The consequences are increasingly visible on the ground. Rental markets in major cities such as Toronto and Vancouver have tightened dramatically. Vacancy rates remain extremely low while rents have climbed to record levels.

For many newcomers, especially international students, the first experience of Canada is not opportunity but scarcity—crowded apartments, bidding wars for rentals, and commutes that stretch across metropolitan regions. Statistics Canada has reported that international students are significantly more likely than Canadian-born students to live in unsuitable housing conditions. In some municipalities, the overcrowding rate among international students exceeds 60%.

A Shift in Public Sentiment

For many years, Canada stood out among Western democracies for maintaining strong public support for immigration. But that consensus has begun to change.

As The Global Mail columnist Tony Keller pointed out, between 2021 and 2024, immigration surged across North America, with the United States recording the fastest pace of arrivals in its modern history. Yet relative to population size, Canada experienced an even larger influx.

For decades, Canada had maintained broad political and public support for immigration, with relatively stable policies and some of the most positive attitudes toward newcomers in the developed world.

Keller notes that this consensus began to shift after 2015 as immigration levels rose sharply and temporary pathways—especially student visas and work permits—expanded rapidly, driving population growth far beyond official permanent-resident targets.

While the surge boosted overall economic output, population growth outpaced per-person economic growth, contributing to stagnant living standards and increasing pressure on housing and infrastructure. By the mid-2020s, immigration had moved from a largely settled policy area in Canada to one of the country’s most contested economic and political issues.

Since 2023, surveys have shown a sharp shift in public attitudes, with housing affordability and infrastructure strain dominating national debates. By 2025, more than half of Canadians reported that the country was accepting too many immigrants. This represented the highest level of concern recorded in decades.

This shift does not necessarily reflect hostility toward immigration itself, but it reflects growing anxiety that immigration policy has become disconnected from the systems meant to support population growth.

When housing supply lags behind population growth, the strain becomes visible everywhere: rising rents, crowded transit, longer wait times for healthcare, and mounting frustration among younger Canadians struggling to enter the housing market. In that environment, immigration becomes a political lightning rod, even when the underlying problem is structural.

Aligning Ideals with Capacity

None of this means Canada’s immigration story is ending. Immigration will remain essential to the country’s economic future. Skilled workers, entrepreneurs, and students contribute enormously to innovation, productivity, and cultural dynamism.
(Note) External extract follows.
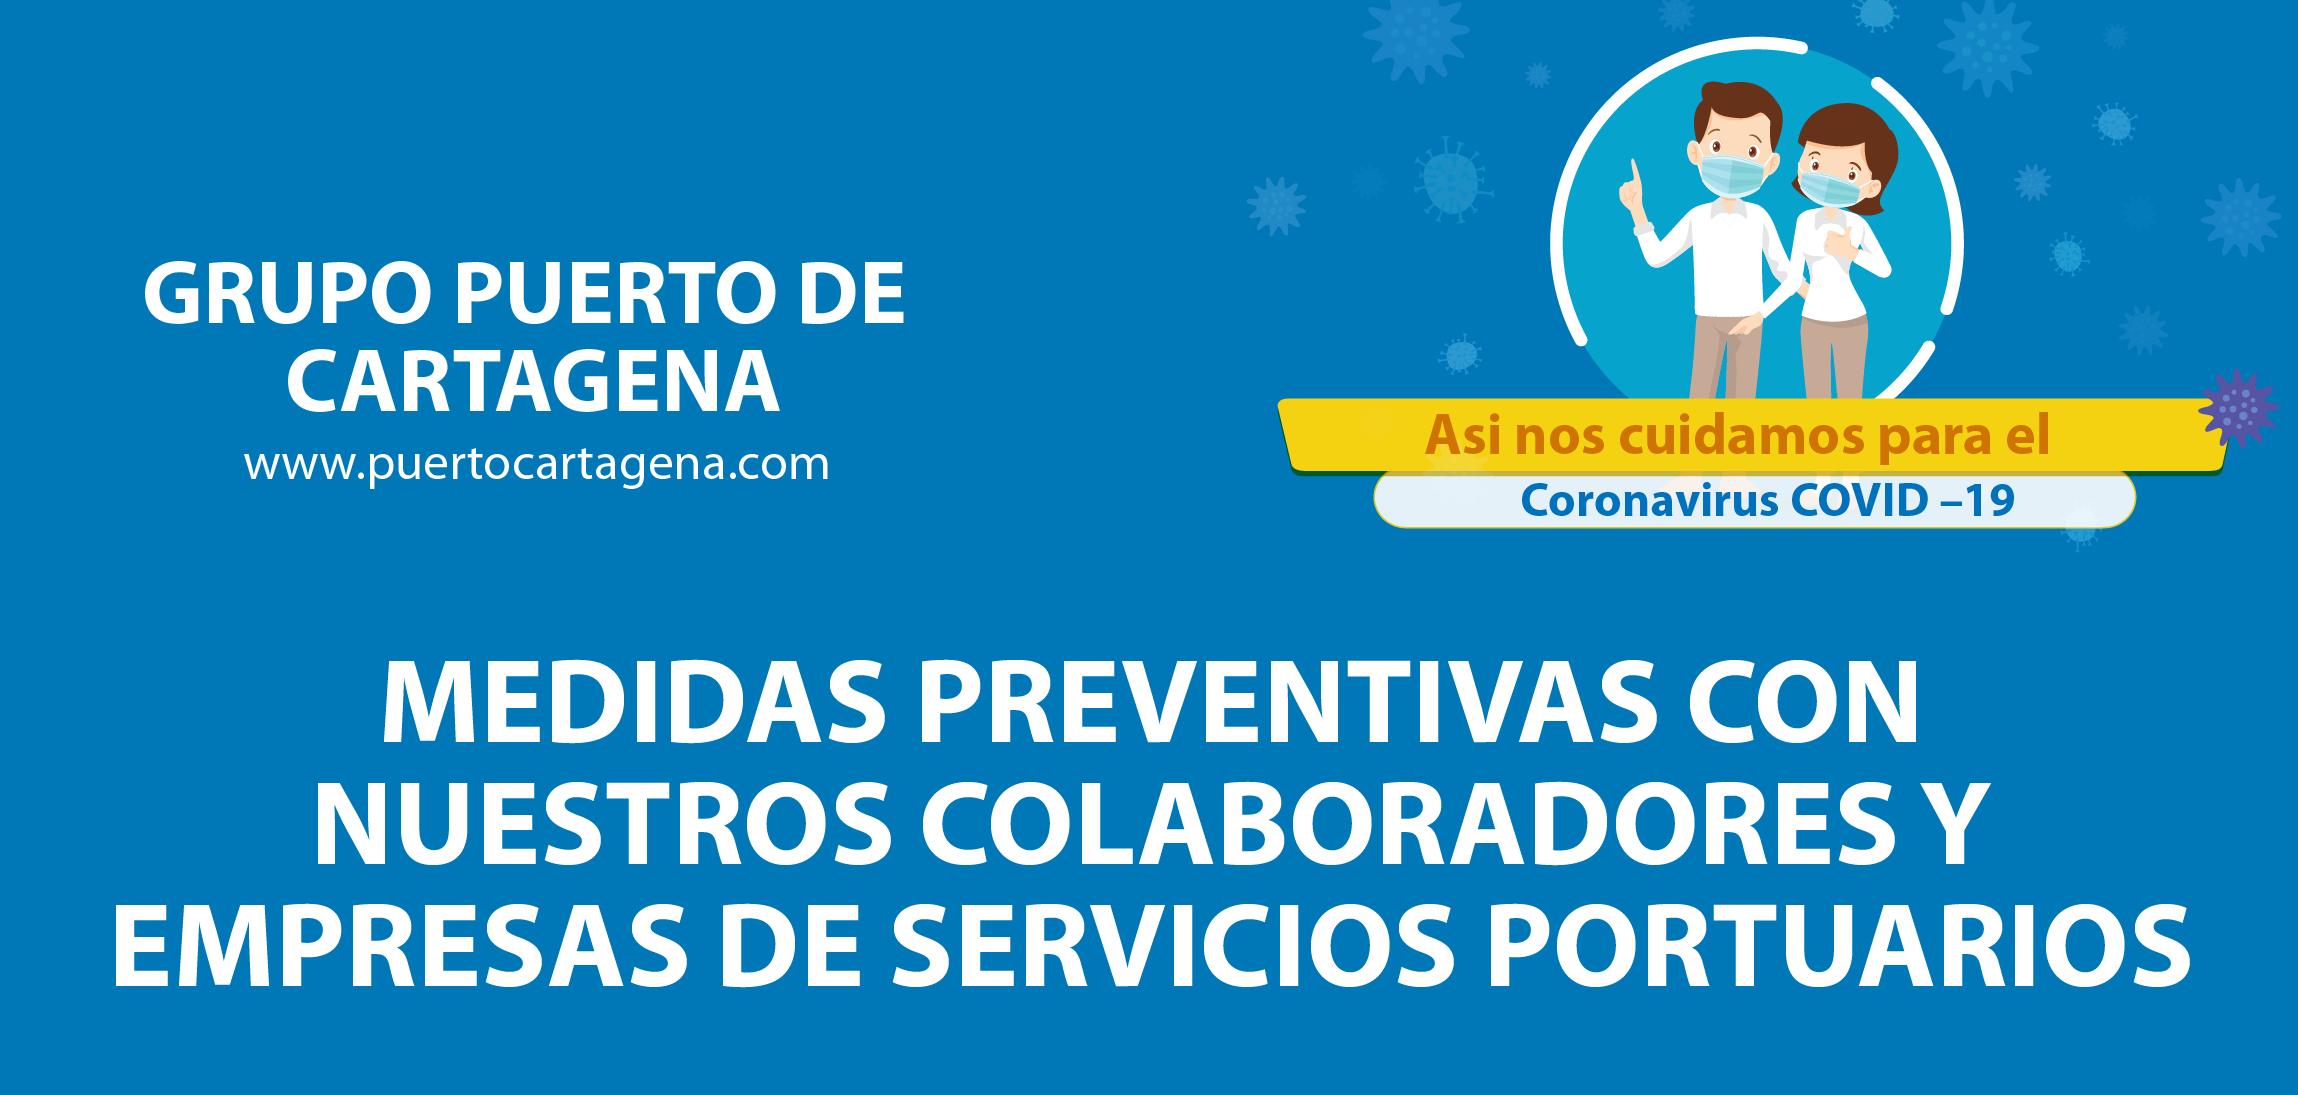 medidas-preventivas-covid-19

Canada’s ability to attract global talent remains one of its strategic advantages in a competitive world.

But immigration policy cannot exist in isolation from the broader systems that sustain a society.

Housing construction, infrastructure investment, urban planning, and labor market strategy must align with population growth. Without that coordination, even well-intentioned immigration targets risk creating pressures that undermine public confidence.

Welcoming the world is an admirable national aspiration. Yet openness alone is not a housing strategy, an infrastructure plan, or an economic model. Canada built its modern identity on the promise that diversity could be a strength. The next chapter of that story will depend on whether our country can match that aspiration with the practical capacity required to sustain it.